I will be smoking some meat for about 200 people in a couple of weeks in IA for an auction. If anybody can give me some idea of what meats would be best for a large group and how much to buy i would be very appriciative.


----------



## cheech

Well let's see where do we start.

What kind of smoker do you have and do you have the room for lots of meat or will you precook and reheat?

With just the info I have here I would (I love the stuff) do pulled pork. You can do it ahead of time and reheat with some electric food warmers. 

The other option would be to roast a whole hog


----------



## jasonh2

Cheech, i like the way you think. I have a trailer smoker that is 24x 60 single rack.  i will have the ability to precook and reheat. i would like to do a couple of meats. i can fit a whole hog on there (would be great). i am thinking beef  brisket  and pork shoulder. any idea on how much to buy???


----------



## cheech

I will have to look it up but I believe I figure on 1-1.5lbs of pulled pork per person.
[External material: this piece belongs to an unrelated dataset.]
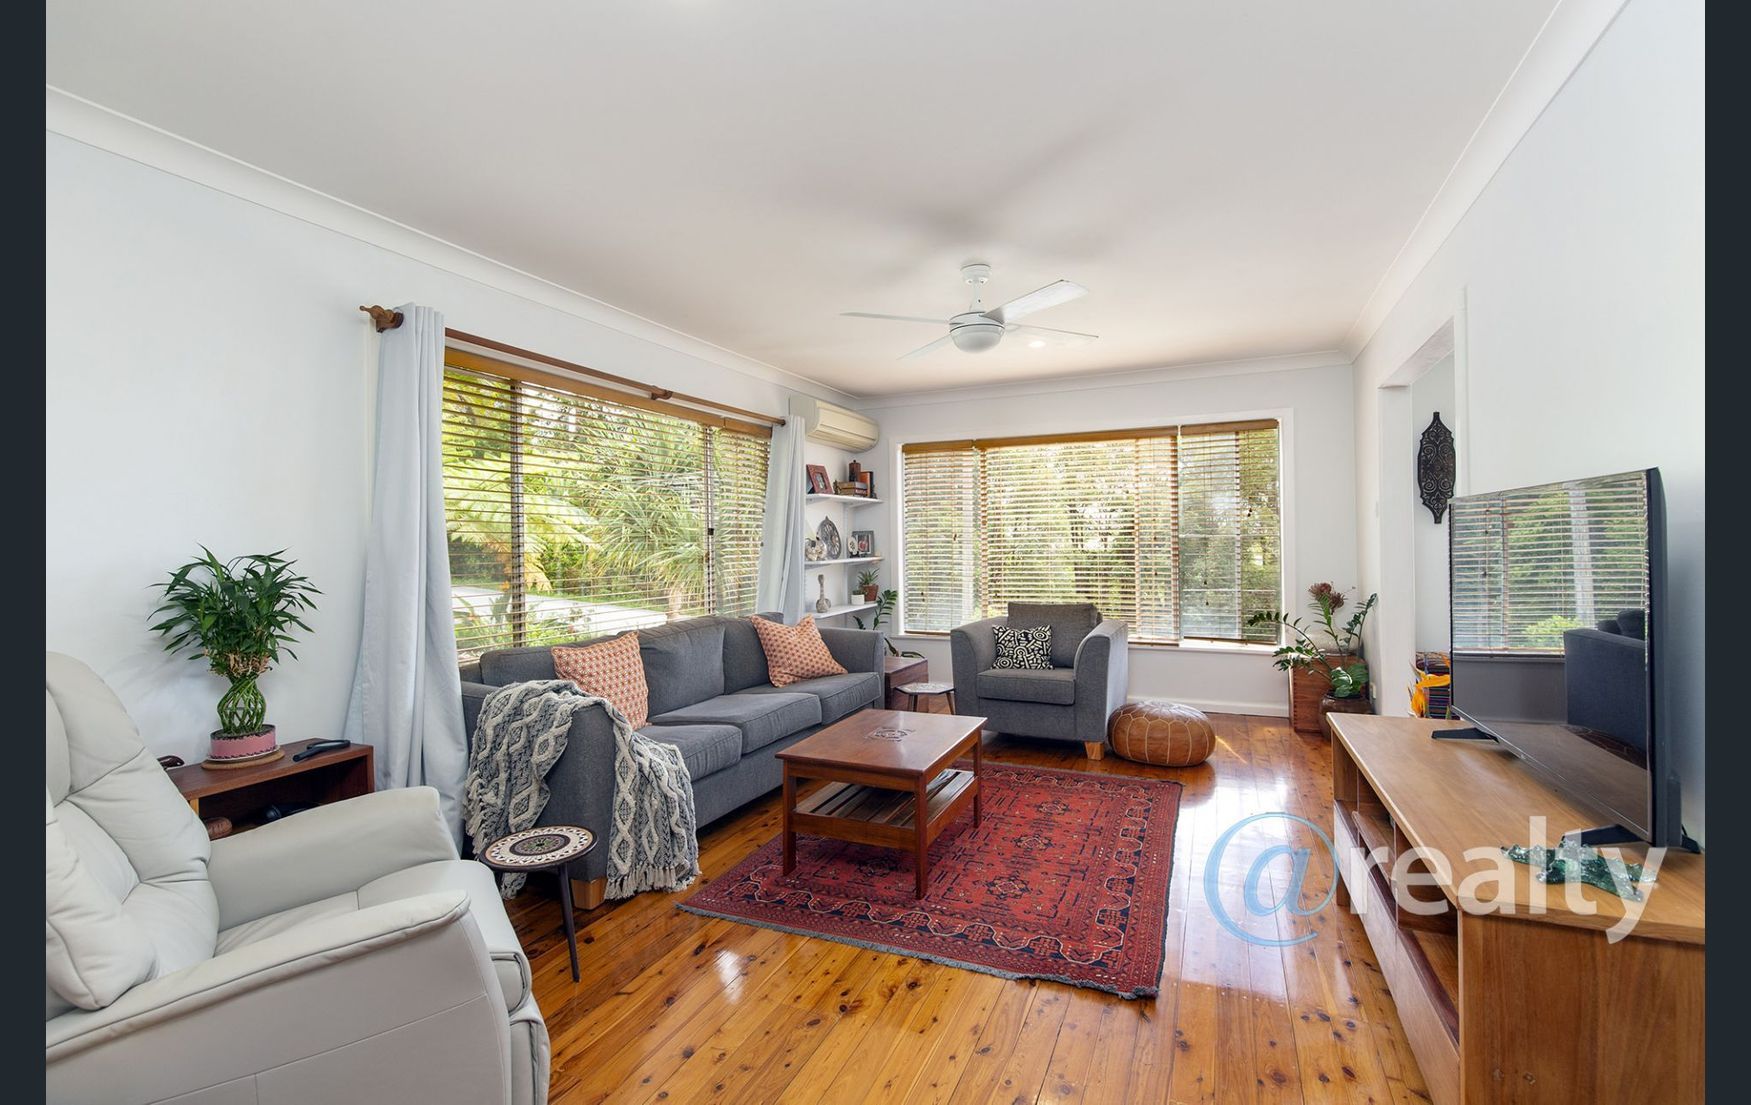 Property image of 13 Lackey Street Nambucca Heads NSW 2448 #3 | Real Estate Nambucca

But then a bit extra is always a good idea so there are leftovers, which I never have any.


----------



## ba_loko

Jason, welcome to the forum.

I would plan on preparing approx 1/2 lbs/person.  Will there be additional side dishes too?


----------



## ba_loko

Sorry, Cheech.  I guess we posted at the same time.


----------



## jasonh2

there will be chips and beans also... thanks for the quick response gents


----------



## deejaydebi

Briskets and butts would be my suggestion. I feed about one guy per 1/2 pound of raw butt with a tater salad side at work.


----------



## smok_n_okie

them must be some skinny eaters.. 8oz per person (i'm guessing mostly all adults)don't seem like much.. course most don't eat like me ..lol


----------



## johnd49455

I'm with Cheech on this one. Most who have never had true BBQ will like it so much they will eat quite a bit more than they normally would.
	

	
	
		
		



		
			






I did a BBQ with several different kinds of meat & 77 people ate almost 100 # of meat with nothing left & some wanting more. That included a pot luck & 20# of smoked potatoes & grilled brat burgers & 15# of Hotdogs for the kids.


----------



## bbq bubba

Is this a volunteer cook or a paid gig?


----------